I tried doing it and the rate of change between g1 and g2 v g2 and g3 is different. I think the sequence is either geometric or maybe exponential, but I’m not sure how to work that out.
Yes, Becca thats arithmetic and I think this problem is supposed to be geometric.
Meg, i agree with you. They aren’t the same if you do the ratios of the first to the second and then the second to the third. So, i don’t understand how to get r if they aren’t the same. I have been looking at this for a while and am not getting anywhere. :/ anybody else know how to get the r we need?? thanks!
I found some ratios!
We’ll the number of “layers” (I don’t know what else to call it) k.

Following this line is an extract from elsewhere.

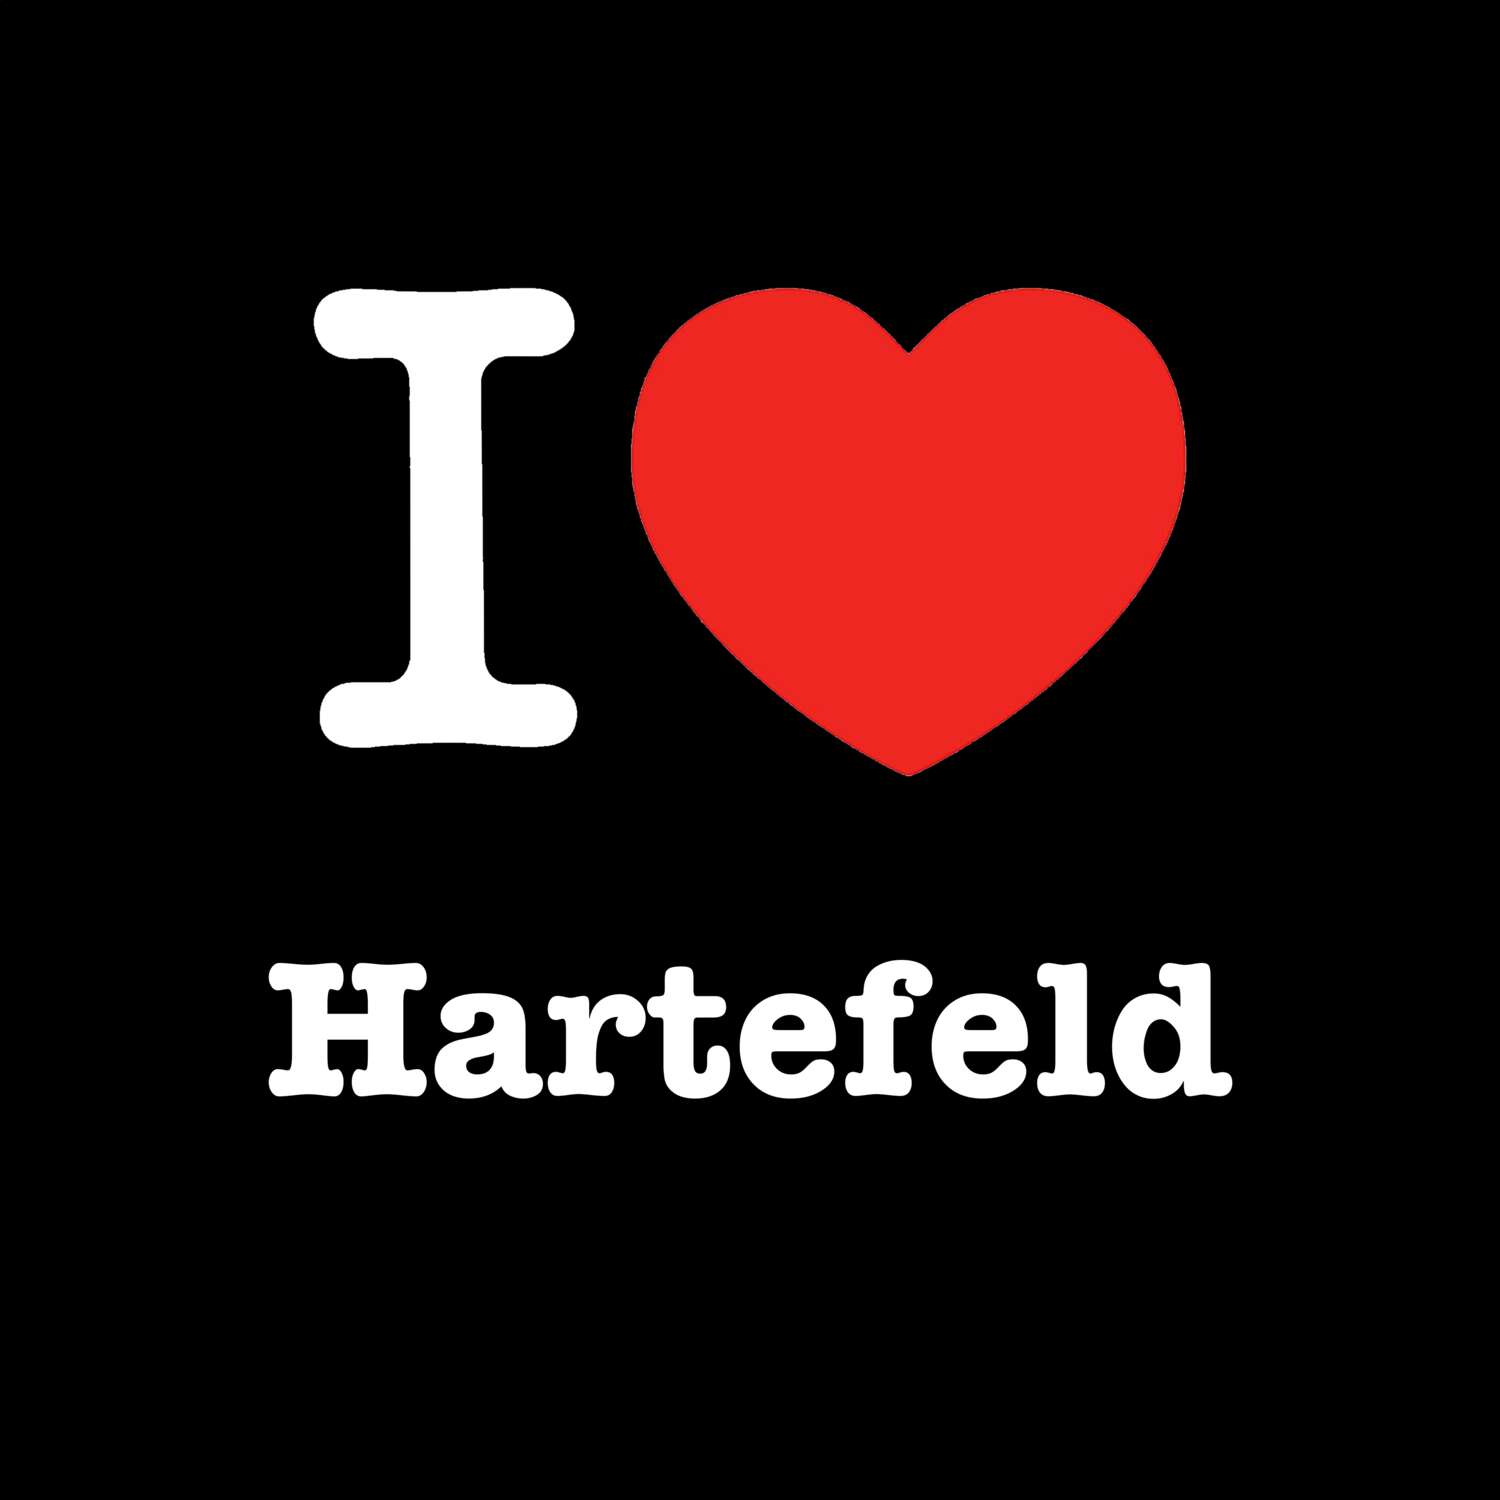 Hartefeld T-Shirt »I love«

G1=sqrt3/4. If you take the area of only ONE triangle on the next layer, you get sqrt3/36. Then the area of one triangle on the 3rd layer is sqrt3/324.
(sqrt3/36)/(sqrt3/4)=1/9
(sqrt3/324)/sqrt3/36)= 1/9
ratio of one triangle of every layer=1/9
ak=sqrt3/4(1/9)^(k-1)
Going from my previous comment, the number of triangles formed in each layer is 4 times more than the previous, except for 3 in the second layer. So let n= number of triangles,
gn=3(4)^n-1
Is there a way to combine them both so you have the area of all the triangles?
I am also unsuccessful finding r. I found the area of the first triangle to be sqrt(3)/4. For the second triangle, or g2, I got ((1 + 6sqrt(3))/ 24). For the area of the third triangle, or g3, I got a reallly huge number…like VERY HUGE! It made sense though, because each time you find the area of the next triangle, you are adding the previous one’s area and finding the smaller pieces (area of the smallest triangles) and adding them. I divided g3 by g2 to see if the common ratio would be the same as g2 divided by g1…but it isn’t….so I’m still confused…
For finding the Infinite geometric sum (since the process is indefinte), we need to know g1, and r. g1 is something we all landed upon….it seems reallly tricky to find r though!
This is as far as I got on the Koch snowflake last night.
I ended up trying to find the area a triangle being added to the figures, including the area of an additional triangle if there were a figure 4. The area of one the triangles being added in figures 2 and 3 are sqrt3/36 and sqrt3/324. I used 1/9 as r to assume that the area of a triangle added in a figure 4 would be sqrt3/2916. The amount of triangles added (which can be represented by gn=3(4)^n-1 as Mariah said) multiplied by the area of one triangle is the area of all triangles added to a figure. I was able to get that:
area of the exacting snowflake= sqrt3/4 + [3(4)^n-1][(rt3/4)(1/9)^n]; where n approaches infinity, is the proposed equation. I don’t know if this is right and I didn’t know where to go after this when trying to get the exact area.